Selain percepatan PHI, legislatif menekankan pentingnya implementasi regulasi terbaru untuk memitigasi persoalan ketenagakerjaan di Bumi Benuanta. Saat ini, pemerintah daerah telah menerbitkan Peraturan Daerah (Perda) Nomor 1 Tahun 2026 tentang Perlindungan Tenaga Kerja Lokal sebagai payung hukum utama.
Dalam forum yang dipimpin Wakil Ketua II DPRD Kaltara, H. Muddain, S.T., diputuskan tiga poin utama yang akan segera ditindaklanjuti. Pertama, DPRD akan melakukan inventarisasi aspirasi secara tertulis untuk memastikan setiap keluhan terdokumentasi secara sistematis.
Kedua, penguatan pengawasan terhadap perusahaan-perusahaan yang beroperasi di wilayah Kalimantan Utara akan ditingkatkan. Ketiga, mendorong sinergi data pencari kerja antara Dinas Tenaga Kerja dan Transmigrasi (Disnakertrans) dengan kebutuhan industri untuk menekan angka pengangguran.
“Kami berkomitmen untuk mengawal setiap persoalan yang disampaikan agar dapat ditindaklanjuti secara konkret bersama pemerintah daerah,” ujar Muddain di hadapan perwakilan buruh.
Menanggapi keluhan mengenai rendahnya daya serap tenaga kerja lokal, Pemprov Kaltara melalui Disnakertrans menjadwalkan pembangunan Balai Latihan Kerja (BLK) pada tahun anggaran 2026. Fasilitas ini diproyeksikan menjadi pusat peningkatan kompetensi agar pekerja lokal mampu bersaing di sektor industri strategis.
Isu krusial lain yang mencuat dalam pertemuan tersebut adalah praktik outsourcing yang dinilai merugikan pekerja serta konflik lahan yang melibatkan masyarakat dengan pihak korporasi. DPRD Kaltara menyatakan akan membedah data secara sistematis agar kebijakan yang diambil tepat sasaran dan tidak menimbulkan masalah baru di kemudian hari.
Wakil Ketua I DPRD Kaltara, H. Muhammad Nasir, S.E., M.M., menambahkan bahwa kehadiran legislatif dalam RDP ini adalah bentuk tanggung jawab untuk memastikan kebijakan daerah benar-benar berpihak pada rakyat.
“Ini bagian dari tanggung jawab kami untuk memastikan kebijakan yang diambil benar-benar berpihak kepada masyarakat,” tegas Nasir.

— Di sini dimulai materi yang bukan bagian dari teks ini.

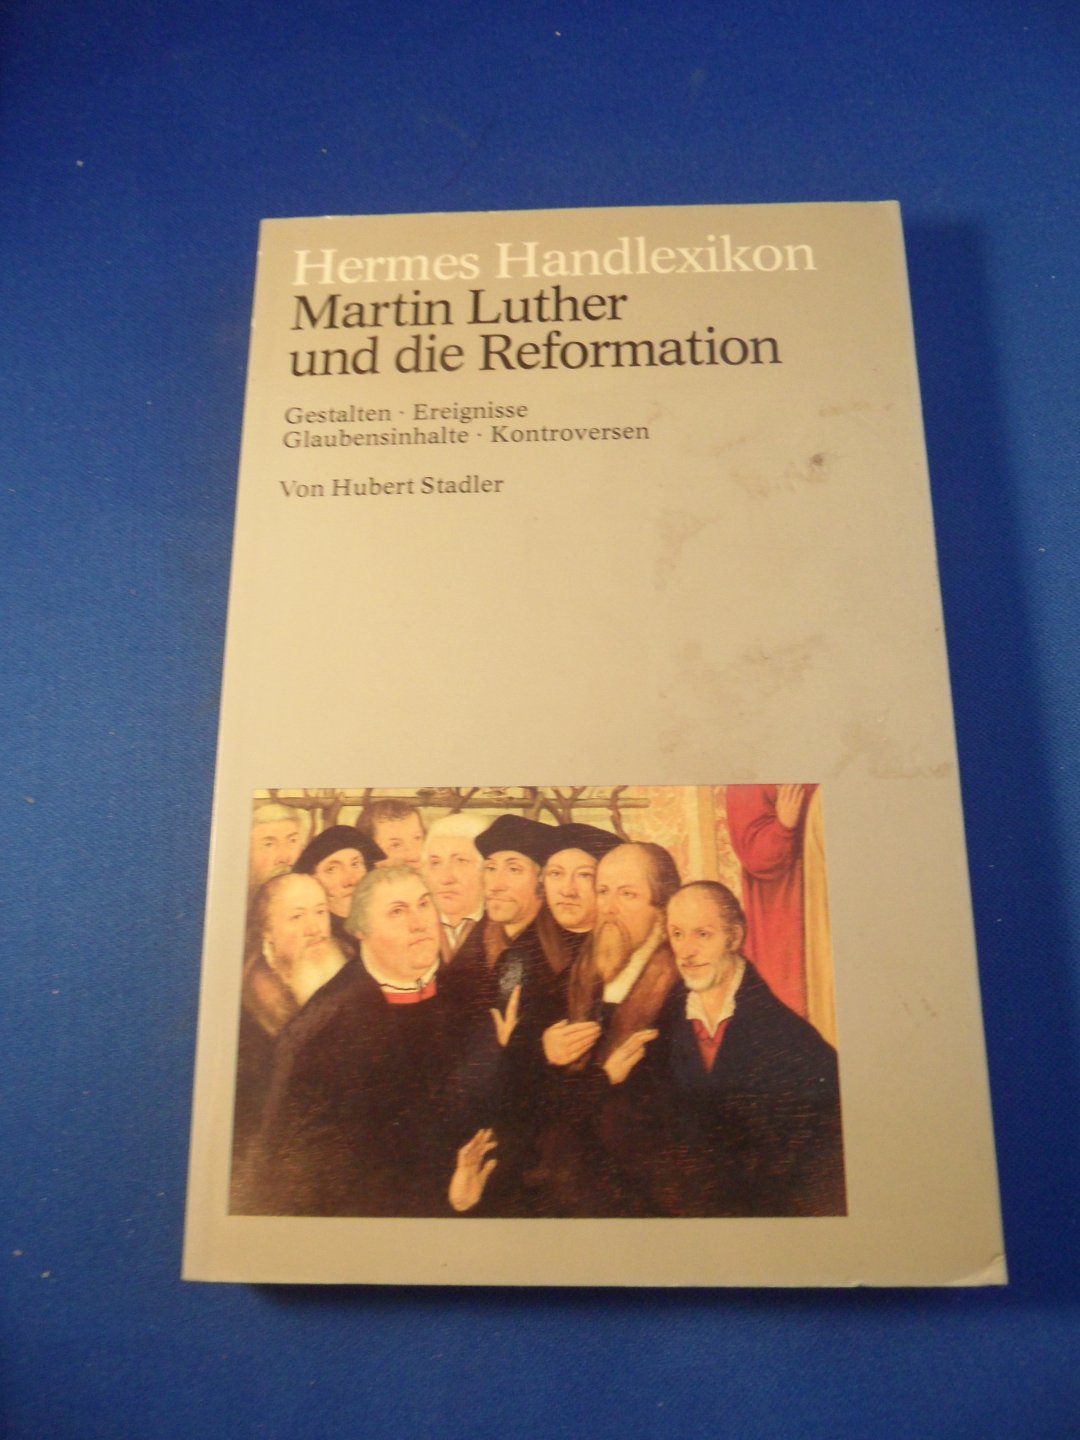 Stadler, Hubert - Hermes Handlexikon. Martin Luther und die Reformation, Gestalten, Ereignisse, Glaubensinhalte, Kontroversen

Melalui hasil RDP ini, DPRD Kaltara berharap tercipta sinergi yang lebih kuat antara pemerintah, legislatif, dan elemen buruh. Fokus utama ke depan adalah menciptakan iklim investasi yang sehat namun tetap menjamin hak-hak dasar dan kesejahteraan para pekerja di Kalimantan Utara.